Although faith-based ETFs fall under the larger umbrella of ESG investing, not all ESG investors are true believers.

Joey Fishman, a registered investment advisor at Ritholtz Wealth Management, helps manage the Portland Portfolio, a sustainability-themed version of the company’s core portfolio. Fishman says it’s harder to quantify success in a faith-based investment than it is in, say, an environmental ETF where metrics are available.

“As a data-driven shop, we need very specific measurements of success,” he says. “It’s really hard to do that when you’re a faith-based investor. Investing based on reasons that have nothing to do with valuation or potential risk of future return expectations is inherently problematic.”

He also believes the screens are too restrictive, to the point where diversification becomes an issue. When it comes to screening out companies that advocate for LGBT rights, Fishman calls it “a tough nut to crack.”

“Ninety-two percent of Fortune 500 companies have nondiscriminatory policies, and 82% specifically talk about gender identity,” he says. “Over half not only offer transgender health benefits, but also surgical procedures.”

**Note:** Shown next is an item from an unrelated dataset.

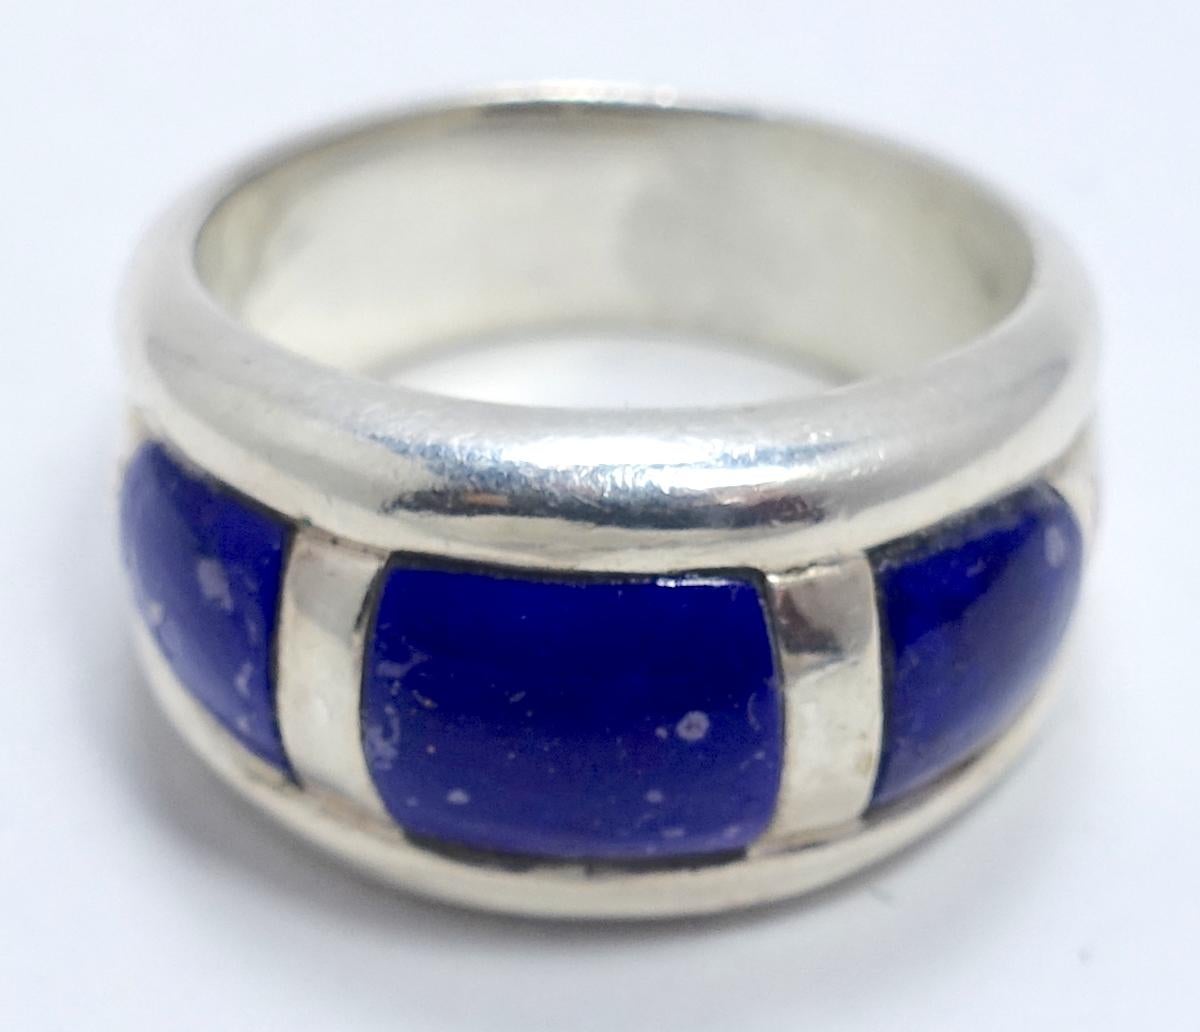 This vintage ring has lapis lazuli stones with sterling silver stripes in a sterling silver setting.  It’s a size 10 and measures 1/2” wide. It is in excellent condition.

He says faith investors may receive greater benefits from impact-type investments or philanthropic efforts at the local level. “Not only do you get a chance to see how those dollars are actually impacting your community, but if you’re lucky you’re going to build a series of relationships that will pay more than actual money over time,” Fishman says.

Lipper’s Roseen notes that even though the category of faith-based ETFs is smaller than its mutual fund counterpart, these products can make sense for a financial advisor who wants to add a faith-based component to a client’s portfolio.

“You still have the benefits of relatively low expenses, but you also have the benefit of a tax advantage,” he says. “Because of the cost [advantage over mutual funds], that means we’re going to pump up the return a little bit more.”     

[Editor's Note: In late-January it was announced that the James Purpose Based Investment ETF (JPBI) was slated to close on February 5.]